Why Is It? Wages, Profits, and Civil Unrest

Why is it that when pressure builds to modify laws and regulations so that our national wealth can be spread a little more evenly it is called class warfare, but when those laws and regulations are abolished so that the wealthiest among us can exploit the rest of us more than in the past, it isn’t?

Why is it that class warfare is asymmetrical? When the poor push back it is class warfare, but when the rich scarf up billions it isn’t.

Why is it that the current crisis seems to have been caused by “free spending governments”? Was there not a private sector crisis prior to the onset of government budget woes in most of the western world?

Why is it that businesses are apparently beset with uncertainty and thus incapable of hiring because they perceive a flood of new regulations that would eat into profits? Profits that are at bloated fifty year highs, and which have recovered since the low point of 2008. Profits that are being generated by productivity gains that are not being shared with workers. Record profits that have been created during the tenure of a Democrat in the White House, a Democrat who is attacked as anti-business despite those record profits.

Why is it that we are bombarded with commentaries demanding the “fixing” of Social Security, when that system isn’t even broken?
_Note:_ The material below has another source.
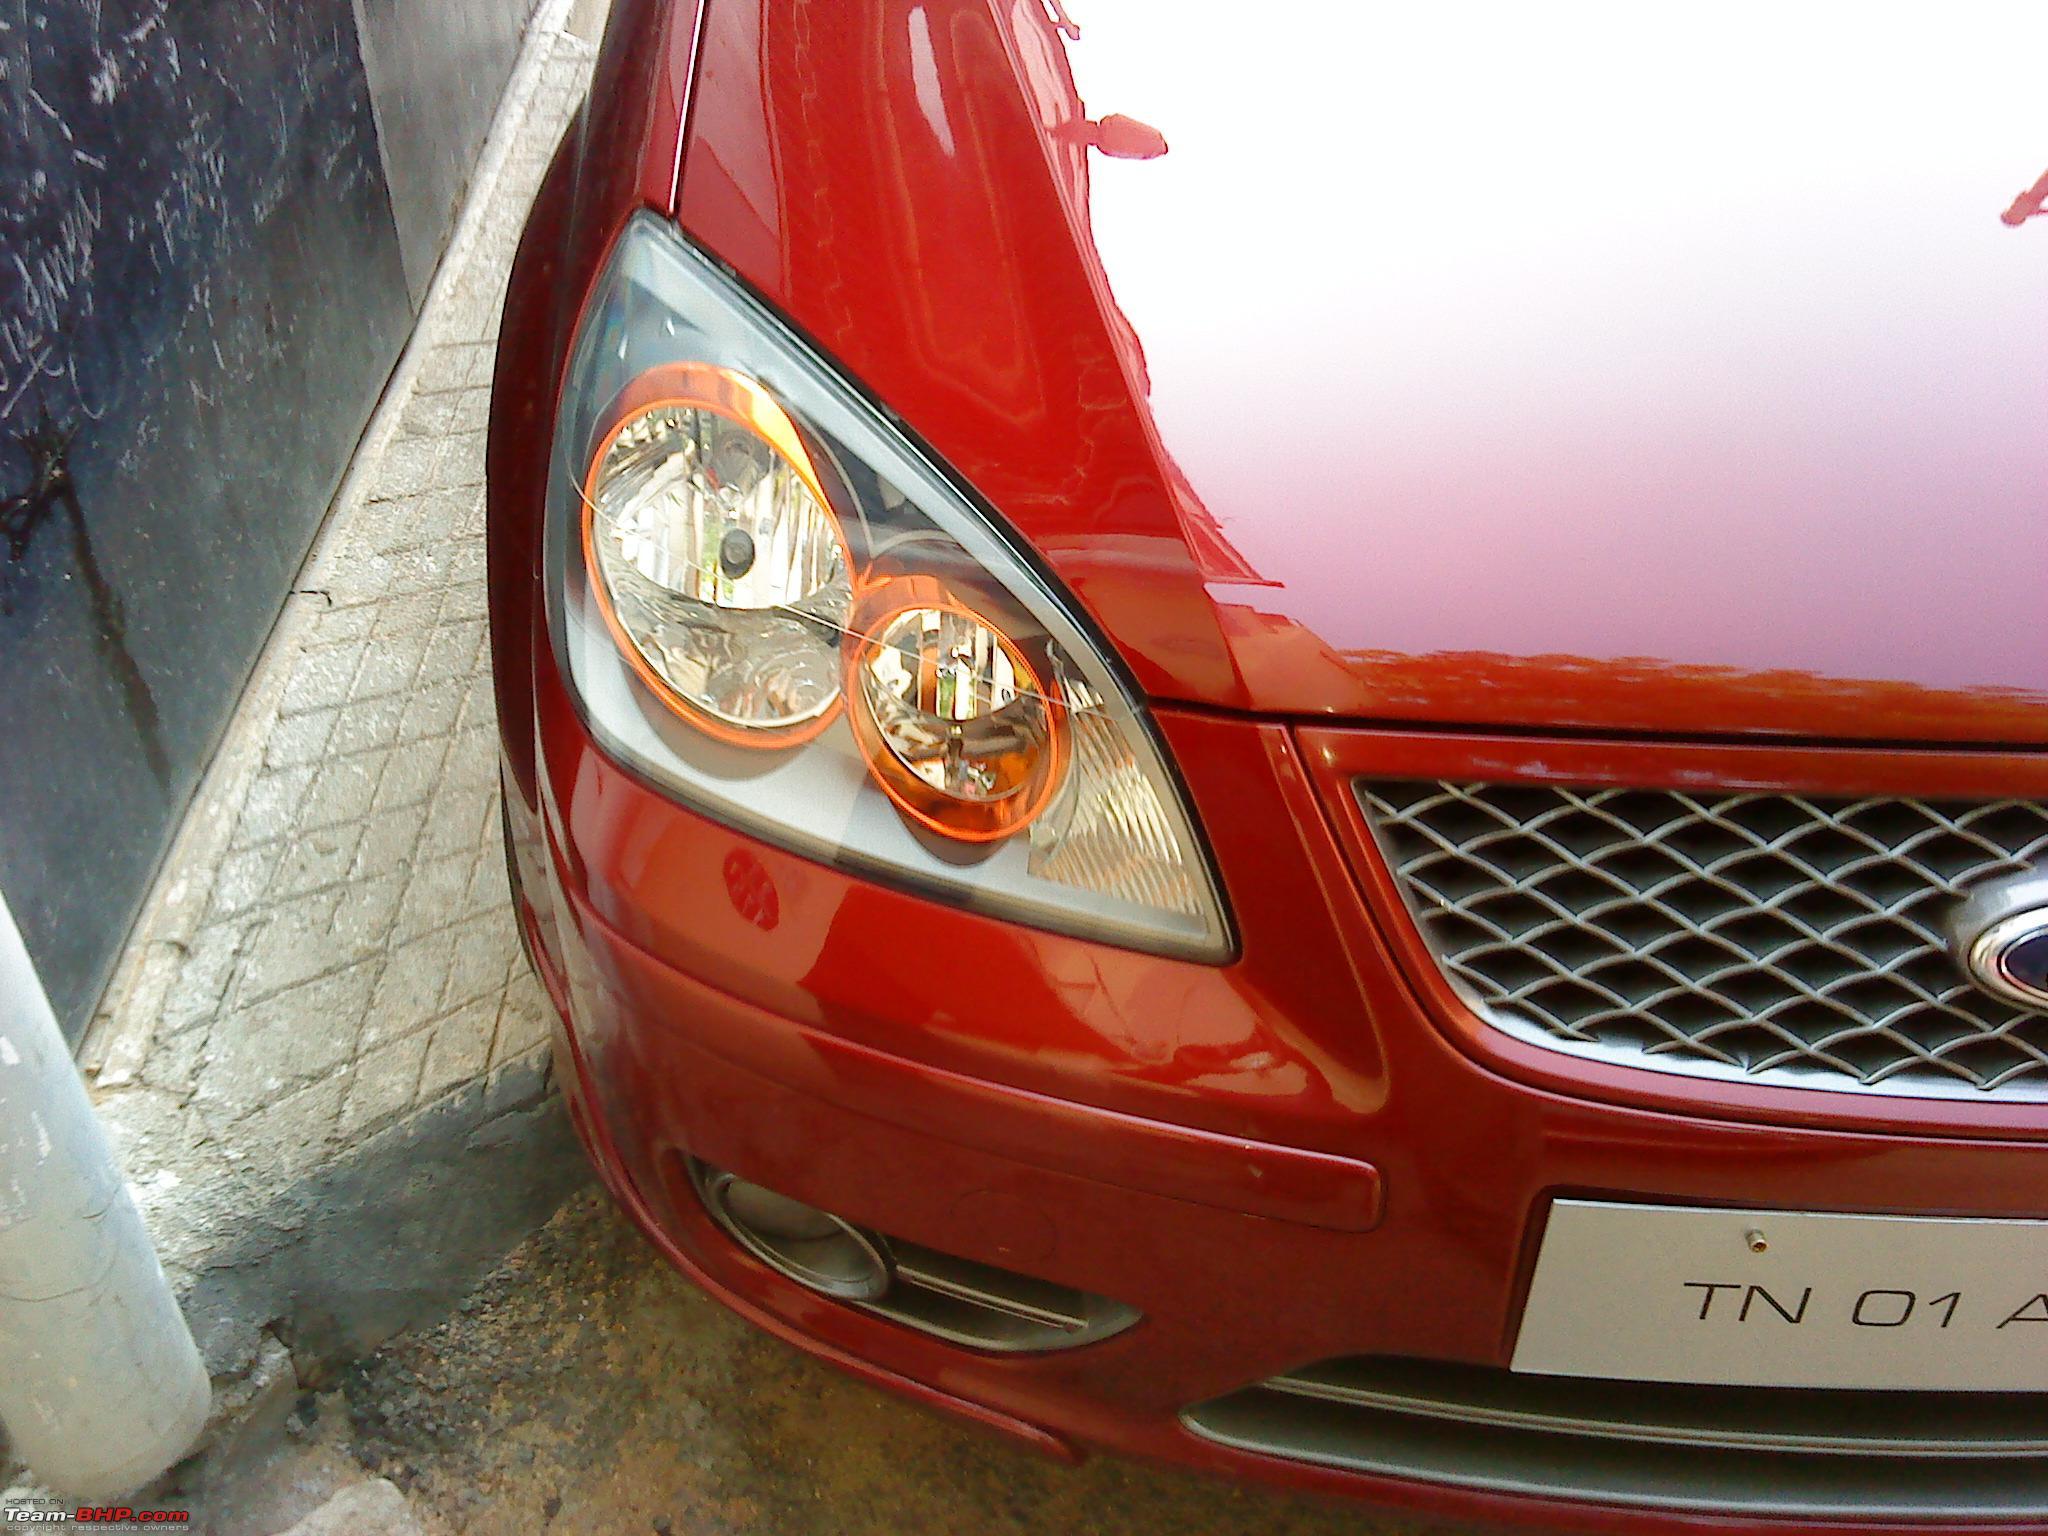 Ford fiesta 1 6 ideas for mods dsc00049 jpg

Why is it that our workers are hapless, old fashioned, and lacking in the skills to compete, when they seemed to be doing just fine before the crisis erupted when unemployment was low? Did they all suddenly forget their skills? Are we suffering from some massive worker amnesia that requires us to to endure long term high unemployment because our workers are simply not high quality?

And why is it that we are introducing policies to fight inflation when there isn’t any?

All these things vex me. All these examples are drawn from the press of the last few days.

All are illustrations of just how much in control of the public discourse business interests have become.

The skew towards profit and away from wages in terms of sharing of productivity is one of the major reasons our middle class is shrinking. It is a reason that it borrowed so much. Faced with the attack from a business community intent on creating shareholder value – at all costs – our middle class had to resort to desperate measures to maintain an increasing living standard. First it was two wage earning families, then it was debt. Now those are exhausted and the middle class is faced with a bleak future. No wonder some of them have turned to right wing extremism. The loss of the future is enough to make anyone angry. It is only now, with the “Occupy Wall Street” movement that we are seeing an equivalent left wing effort. And already our the plutocracy is hitting back: the mayor on New York accuses the occupiers as attacking struggling people. Wall Street? Struggling people? Only in a twisted world.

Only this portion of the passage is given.